Wednesday, November 1, 2017
James Ault
James Ault is an award-winning documentary filmmaker and author educated at Harvard and Brandeis (Ph.D. in Sociology). Originally a student of African politics and cultures, his first film, Born Again, an intimate portrait of a fundamentalist Baptist church in the US, grew out of field research among grassroots “new right” groups in the 1980s. It was broadcast as a national primetime special on PBS and around the world and won a Blue Ribbon at the American Film Festival. His book on that project, Spirit and Flesh (Knopf 2005) was named one of the 5 best non-fiction books of the year by The Christian Science Monitor and called by The Washington Post “The best single-volume explanation of why American fundamentalist Christianity thrives among certain people . . . and why it will not die out.”

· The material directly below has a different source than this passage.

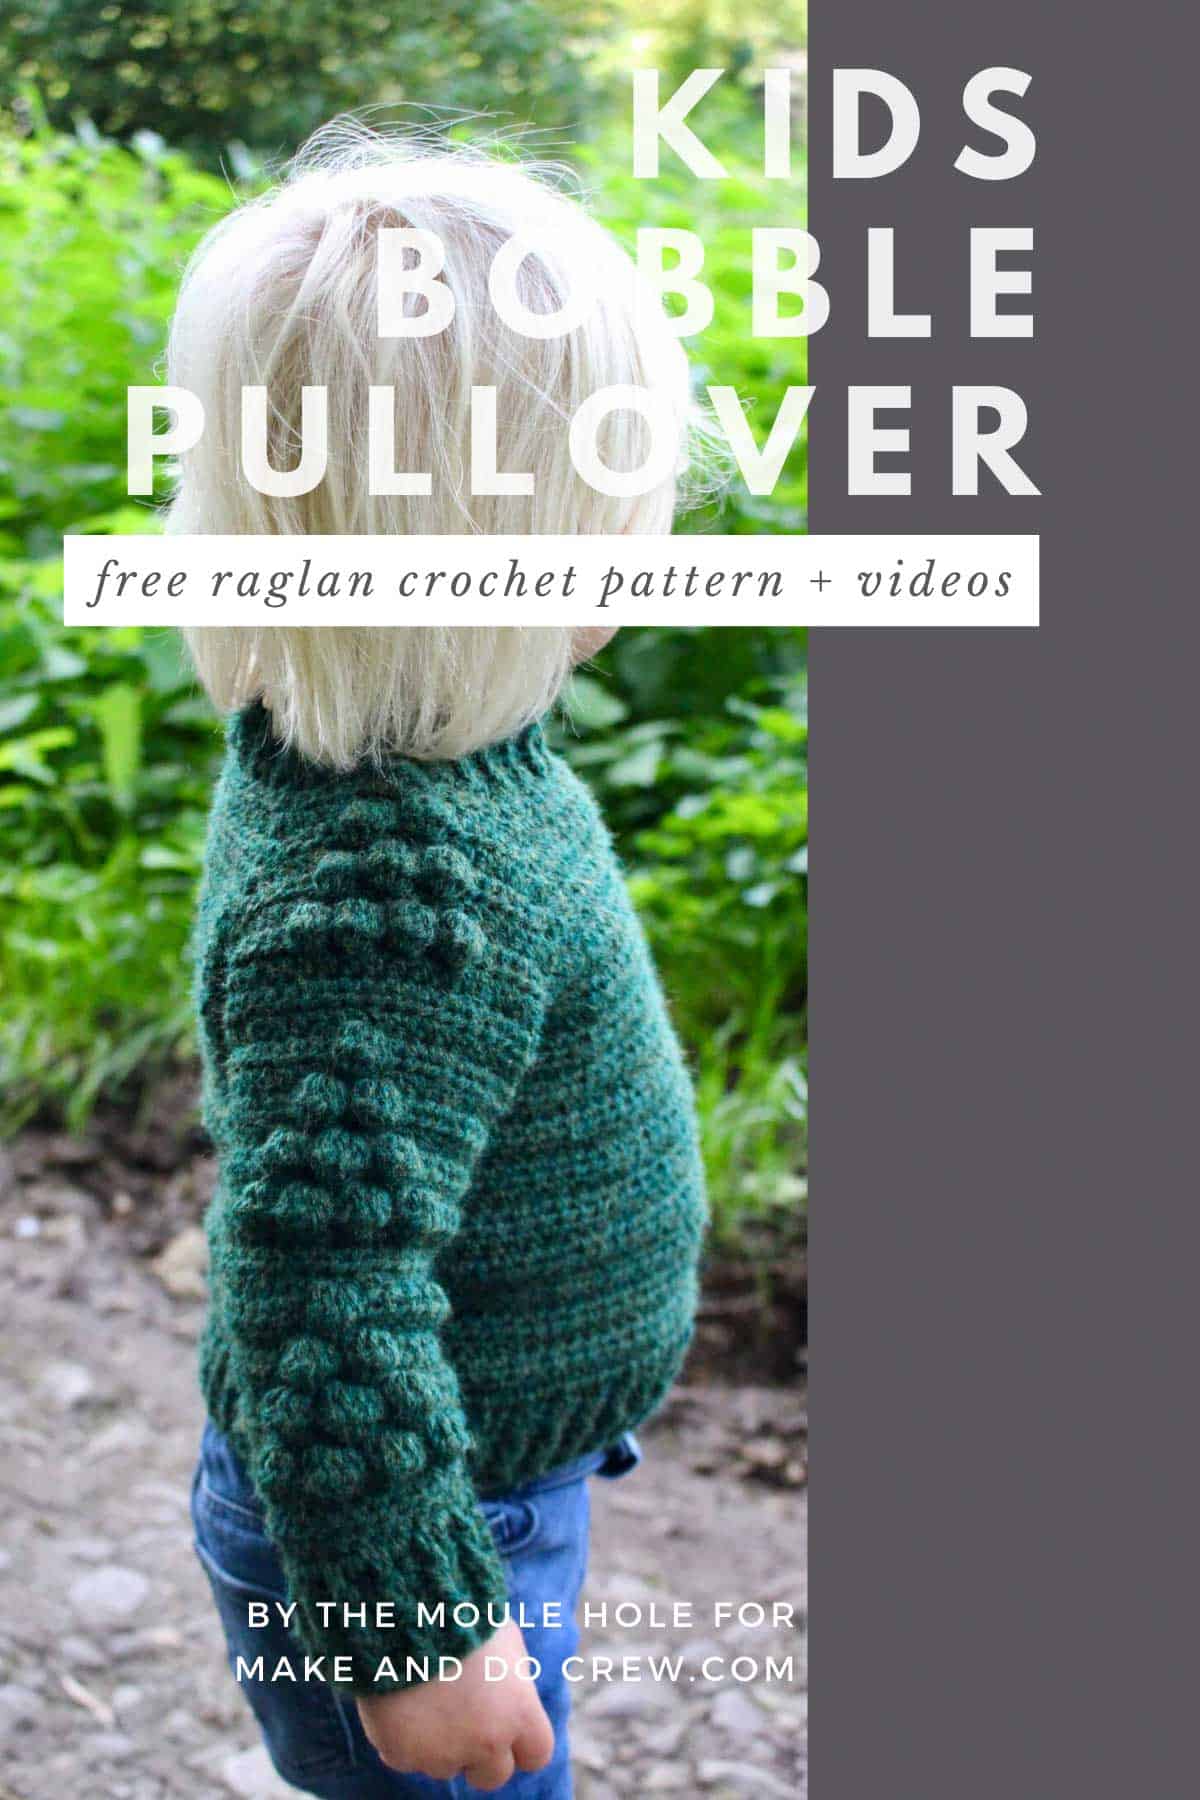 Toddler boy standing looking at green meadow wearing a pullover crochet sweater with a tree bobble motif on the sleeves.

His recently released his African Christianity Rising documentary film series, exploring the sources and directions of Christianity’s explosive growth in Africa, was praised by Terence Ranger of Oxford as “the most penetrating and informative material I have ever seen on African Christianity, bringing out its vitality and variety without ever sensationalizing or exoticising.” His work has come to center on issues of Christian faith and culture and he is currently working on documentary film projects on Esperanza, a Latino Christian enterprise in North Philadelphia, and on Zimbabwe’s gospel music legend, Machanic Manyeruke. He is also writing a book on his African Christianity work that will in its E-book edition have links to project videos embedded in its text. For more, visit www.jamesault.com.
Reflect
What aspects of your own church’s doctrines or practices would you be willing to relax, or set aside, in order to become one with Christian brothers and sisters in Africa or other parts of the two-thirds world not sharing them?
What differences in church teachings, beliefs, or values do you experience in your own community at Taylor, or in your home church, and how might you help build better understandings and common purpose across those differences?
How does Jesus’ prayer over his disciples and those they reach to become one (John 17) influence your education and work might take you?